The SCPR only hopes that Jacksonians will hold the Board of Trustees accountable. It is interesting that Walters himself is not up for election this time around.
Walters and his disingenuous "hold us accountable" is akin to "the pot calling the kettle black."
Except the only reason that the arbitration kettle may be black in terms of not working is because those who have to make the case are proving in spades they do not have the skills needed to win a vast majority of arbitrations.
What if prosecutors had a track record of losing 77% (10 out 13) of their cases?
There would be a public outrage, no?
As far as the SCPR is concerned, it should take first-rate preparation and the accumulation/presentation of compelling evidence for a person subject to arbitration to lose his/her job.
For those who are losing arbitration cases at the aforementioned alarming rate, it is high time for them to take a look at themselves and doing a "gut check time" and honestly facing up to the question as to whether or not they are in over their heads and are not up to the task at hand.
The Stark County Political Report posits that as they would if prosecutors lost 77% of their cases, the Stark County public should demand of those Stark County elected officials who have put in place supervisors and legal advisers that are not getting the arbitration job done, that changes be made.

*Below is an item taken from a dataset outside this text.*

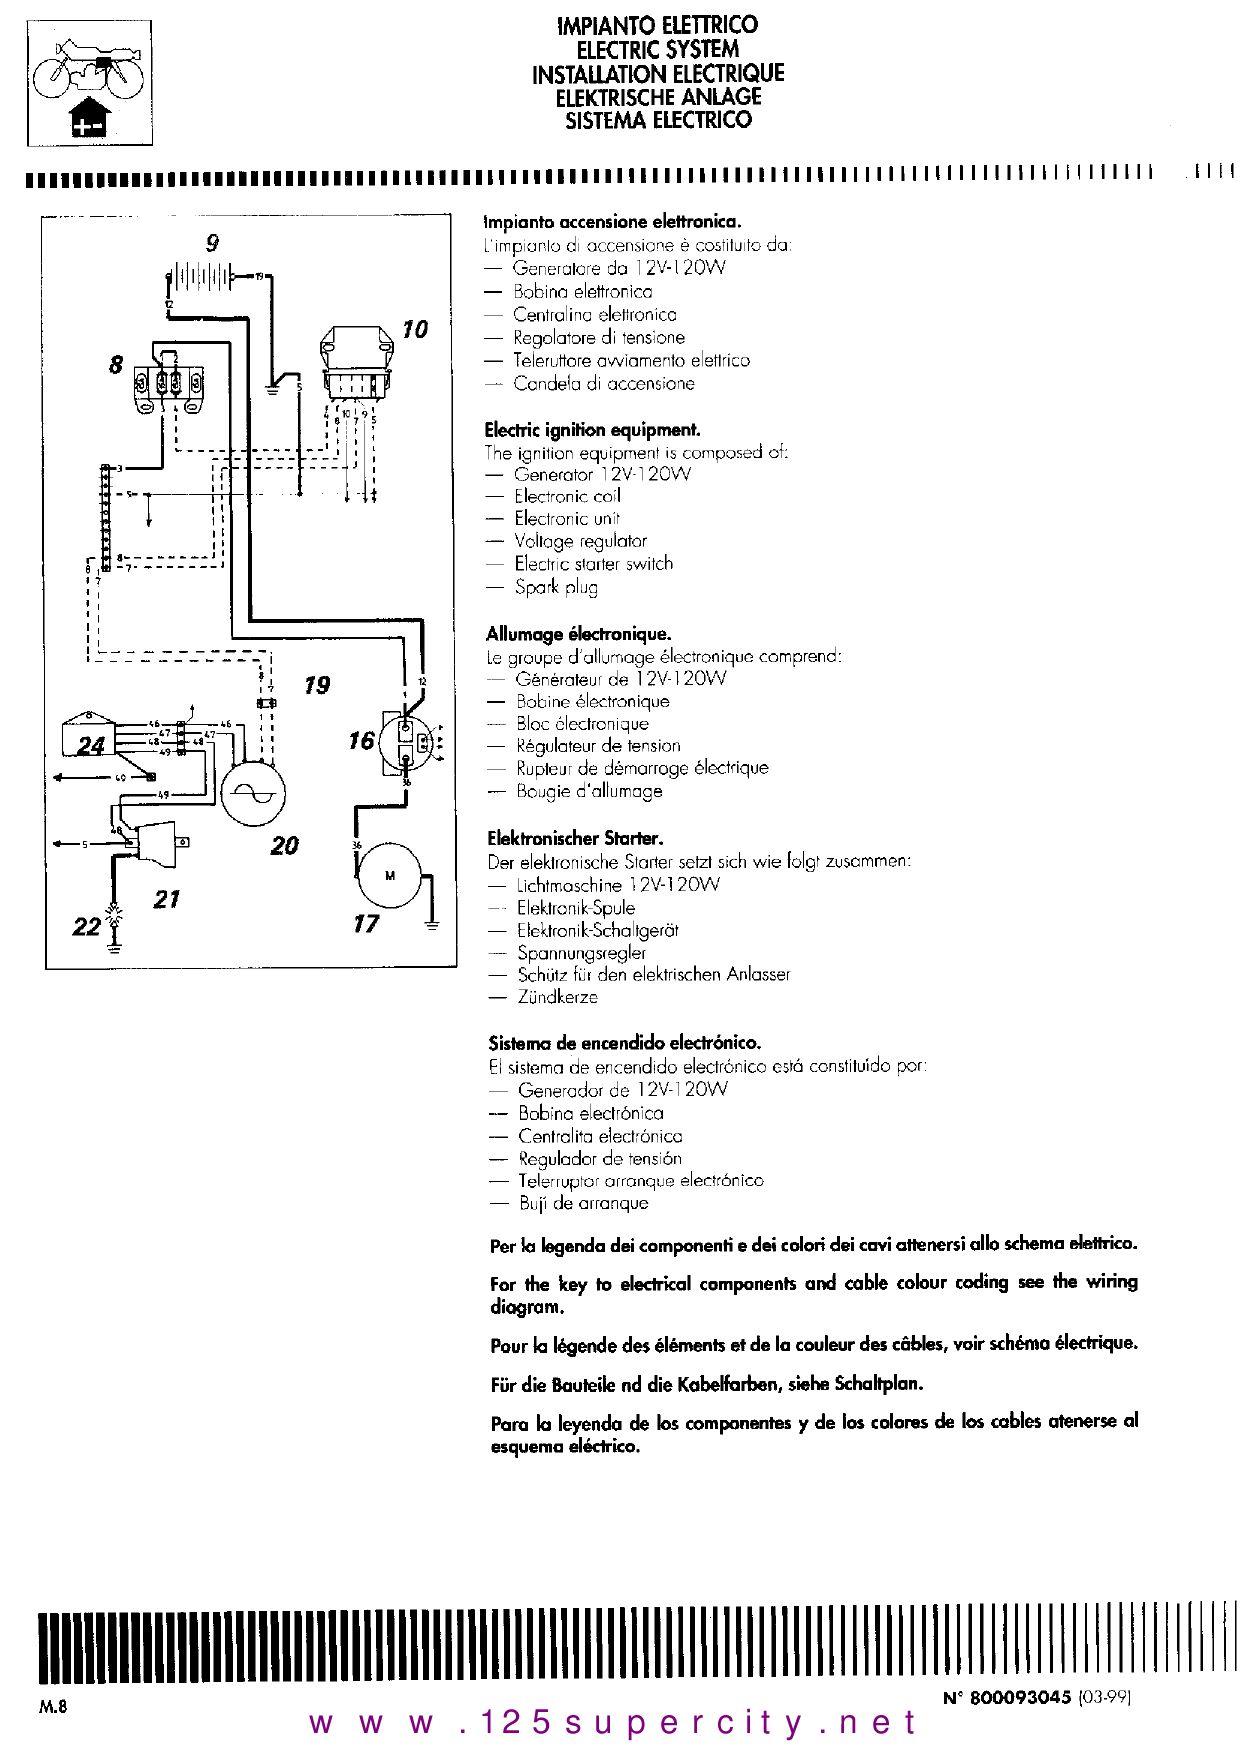 Großartig Elektrische Kabelfarben Bilder - Der Schaltplan - greigo.com

And there is one final thought.
There are police administrators that have an amazing track record of getting resignations from those police officers who do not measure up to the very high standards that they have in place for those who wear "blue."
The resignation route is a "win-win" for the officer in question and the public.
Maybe just maybe Stark County policing officials should be putting together some training sessions staffed by the successful police administrators so that the number of arbitrations get diminished.
But, where the resignation route does not work, it is imperative that those employed to manage the employer's side of arbitration get better at doing what they do.
And, if they do not, then some heads should roll.
If heads do not roll, then the appointing elected official authority should be held accountable come election time.